There are limited data in children and an appropriate dosing regimen has not been established. Therefore, bisoprolol fumarate cannot be recommended for use in children.
The pharmacokinetics of bisoprolol fumarate in the pediatric population were examined in three independent studies and showed that the half-life of bisoprolol fumarate ranged from 3.6 hours and 14 hours and the clearance ranged from 0.12 L/hr/kg to 0.44 L/hr/kg. In adults, the half-life of bisoprolol fumarate ranged from 9 hours to 12 hours and the clearance ranged from 0.14 L/hr/kg to 0.15 L/hr/kg.
Indications/Uses
The management of hypertension and angina pectoris.
Dosage/Direction for Use
Treatment of hypertension or angina pectoris: In all cases the dose regimen is adjusted individually by the doctor in particular according to the pulse rate and therapeutic success.
The usual initial dose is 5 mg bisoprolol (1 tablet of Vasoten 5 mg) once daily. If necessary, the dose may be increased to 10 mg bisoprolol (2tablets of Vasoten 5 mg) once daily.
The maximum recommended dose is 20 mg bisoprolol once daily.

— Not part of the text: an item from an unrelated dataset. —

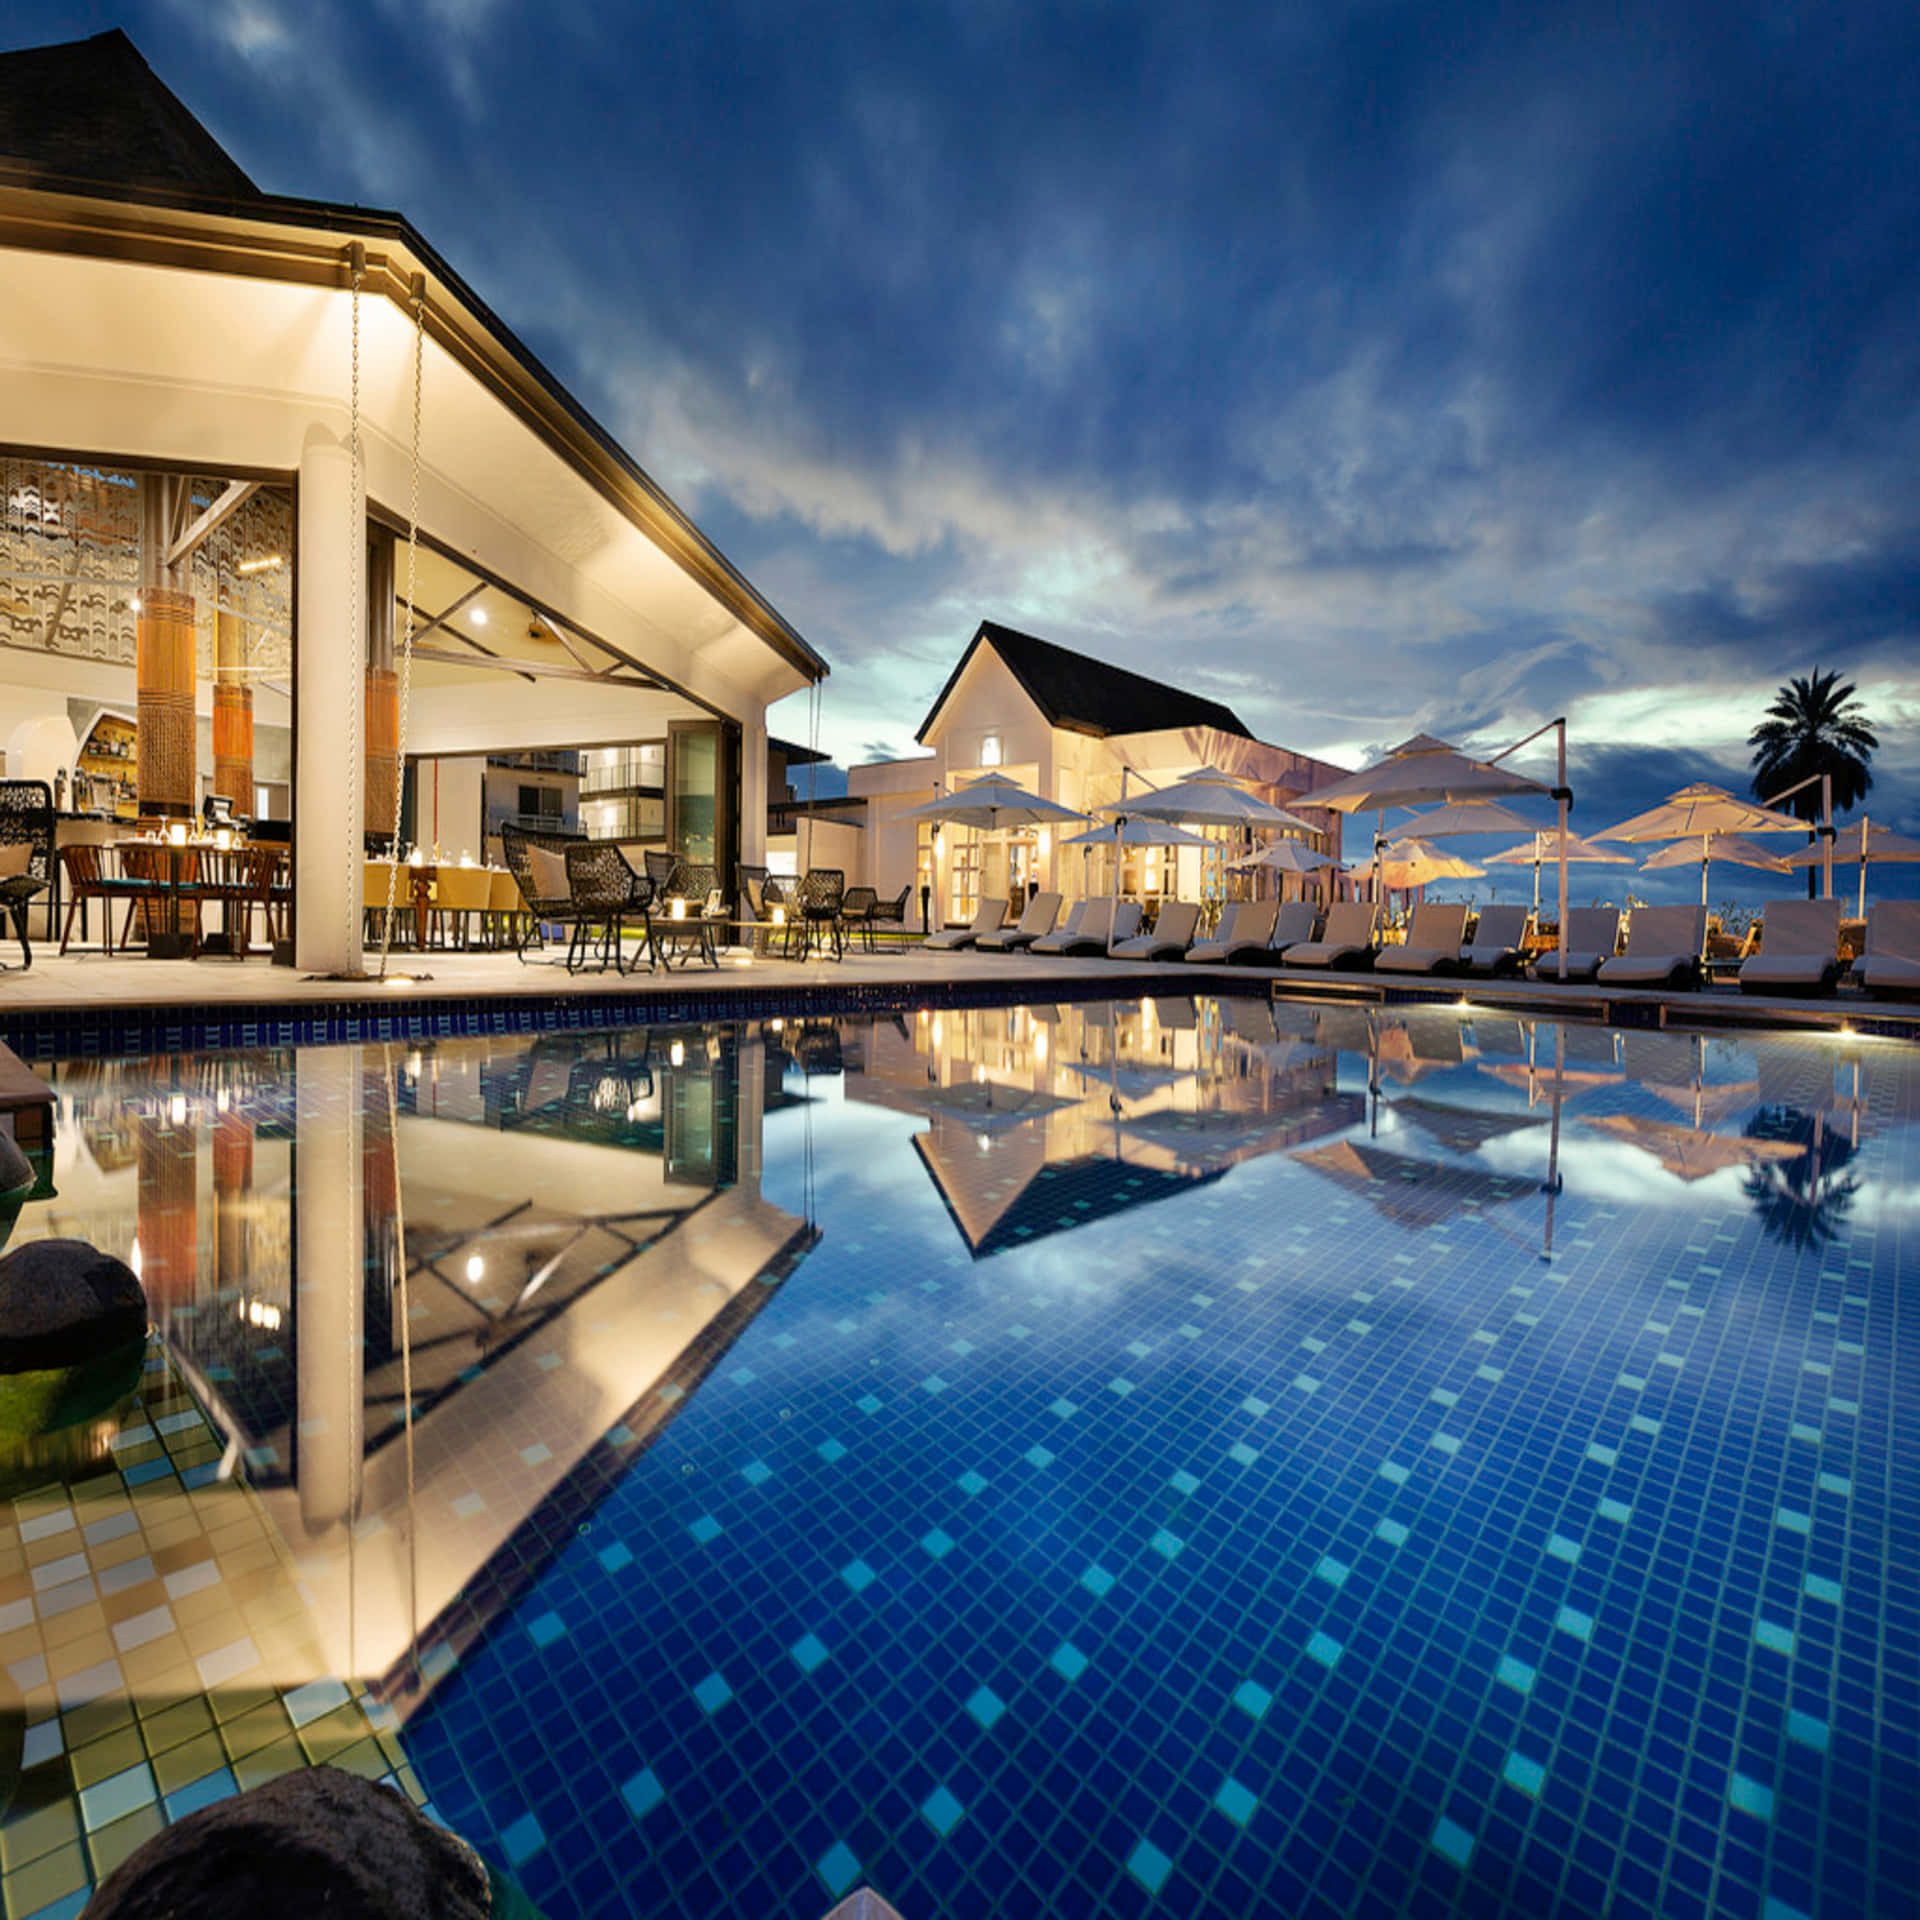 Luxurious Pool Resort Nighttime. Wallpaper

Treatment of stable chronic heart failure: The initiation of treatment of stable chronic heart failure with Vasoten necessitates a special titration phase and requires regular monitoring by the doctor.

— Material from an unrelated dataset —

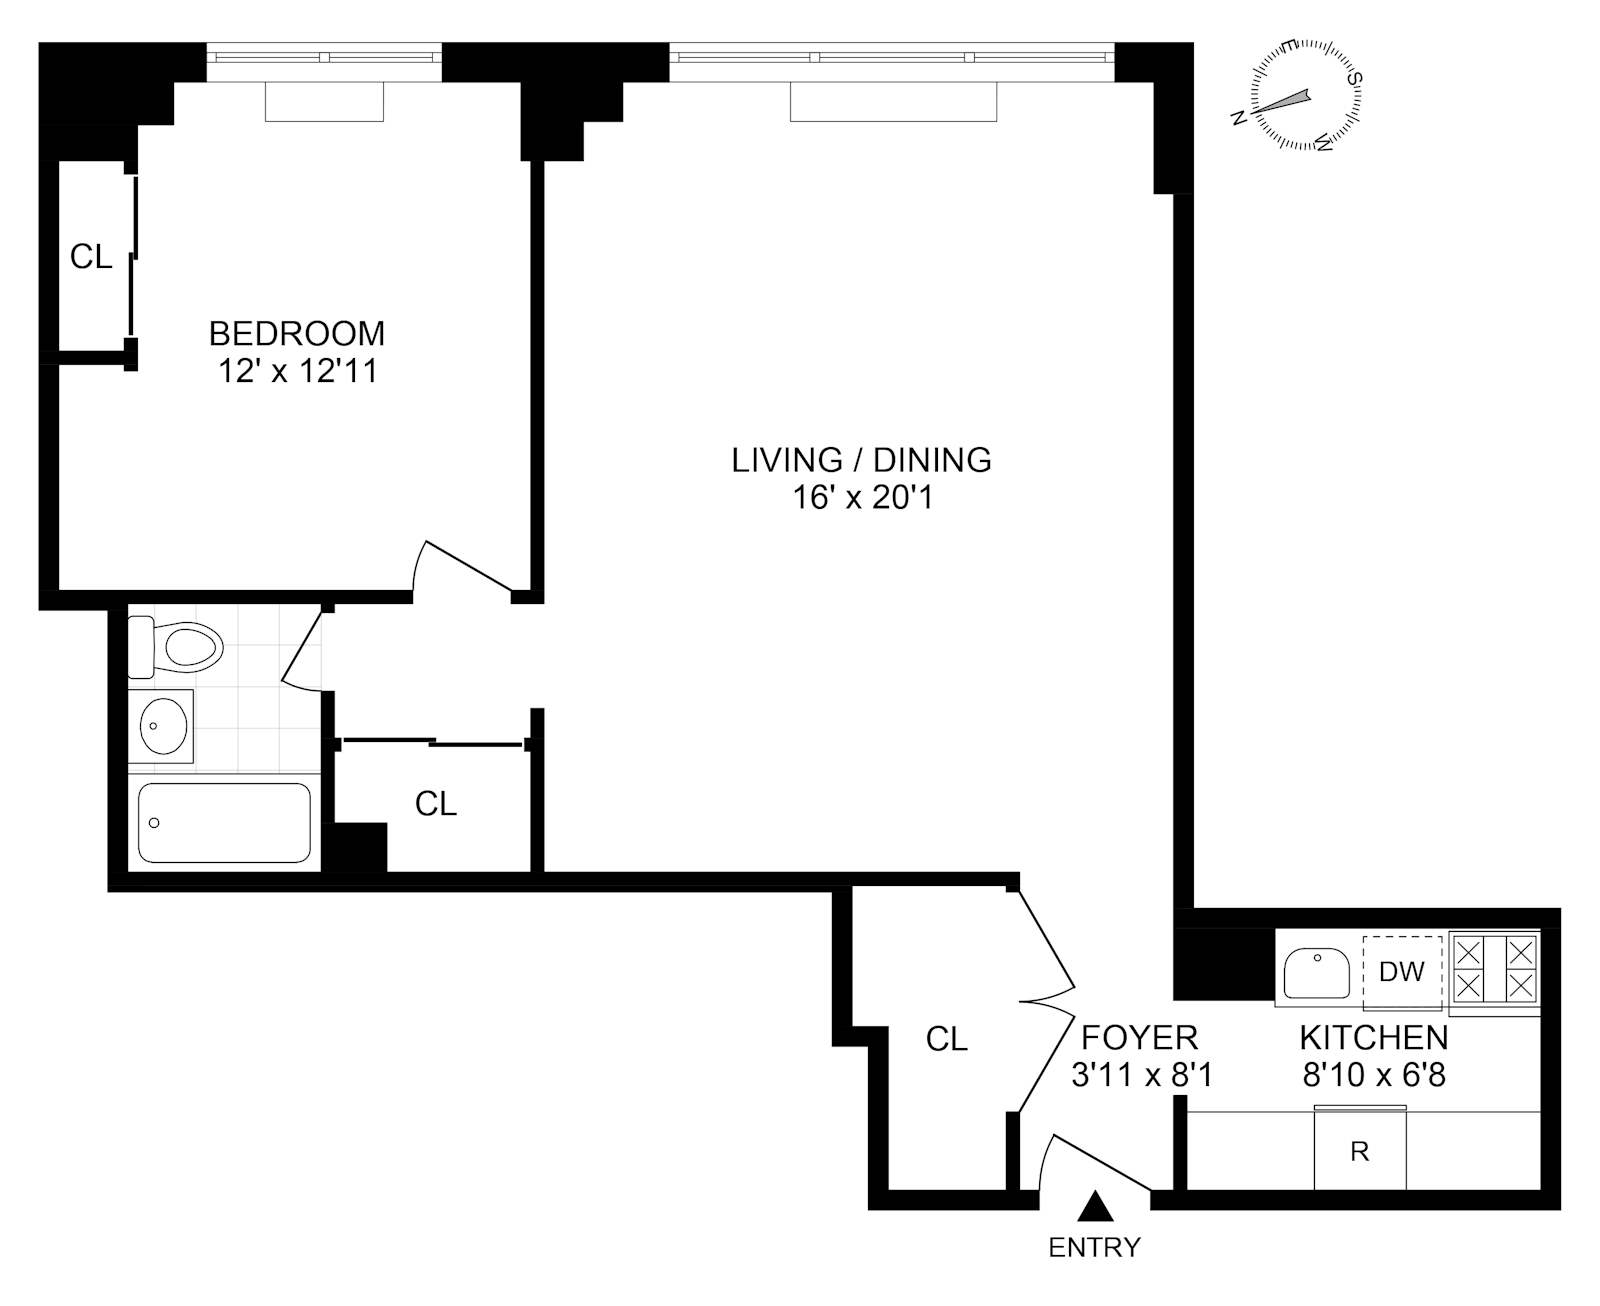 Floorplan for 170 West End Avenue, 14A

Preconditions for treatment with bisoprolol are stable chronic heart failure without acute failure during the past six weeks, mainly unchanged basic therapy during the past two weeks, treatment at optimal dose with an ACE inhibitor (or other vasodilator in case of intolerance to ACE inhibitors) and a diuretic, and optionally cardiac glycosides.
It is recommended that the treating physician be experienced in the management of chronic heart failure.

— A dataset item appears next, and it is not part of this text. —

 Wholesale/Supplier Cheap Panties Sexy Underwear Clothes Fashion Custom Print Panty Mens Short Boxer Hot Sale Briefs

The treatment of stable chronic heart failure with bisoprolol is initiated according to the following titration scheme, individual adaption may be necessary depending on how well the patient tolerates each dose, i.e. the dose is to be increased only, if the previous dose is well tolerated.
1st week: 1.25 mg bisoprolol once daily.
*2nd week: 2.5 mg bisoprolol (½ tablet Vasoten 5 mg) once daily.
3rd week: 3.75 mg bisoprolol once daily.
*4th - 7th week: 5 mg bisoprolol (1 tablet Vasoten 5 mg) once daily.
8th - 11th week: 7.5 mg bisoprolol (1½ tablets Vasoten 5 mg) once daily.
12th week and beyond: 10 mg bisoprolol (2 tablets Vasoten 5 mg) once daily as maintenance treatment.
*Vasoten 5 mg is not suitable for initial treatment of stable chronic heart failure. Lower strengths are available for this purpose.
The maximum recommended dose is 10 mg bisoprolol once daily. Patients should be titrated to and maintained at this dose unless prevented by adverse effects.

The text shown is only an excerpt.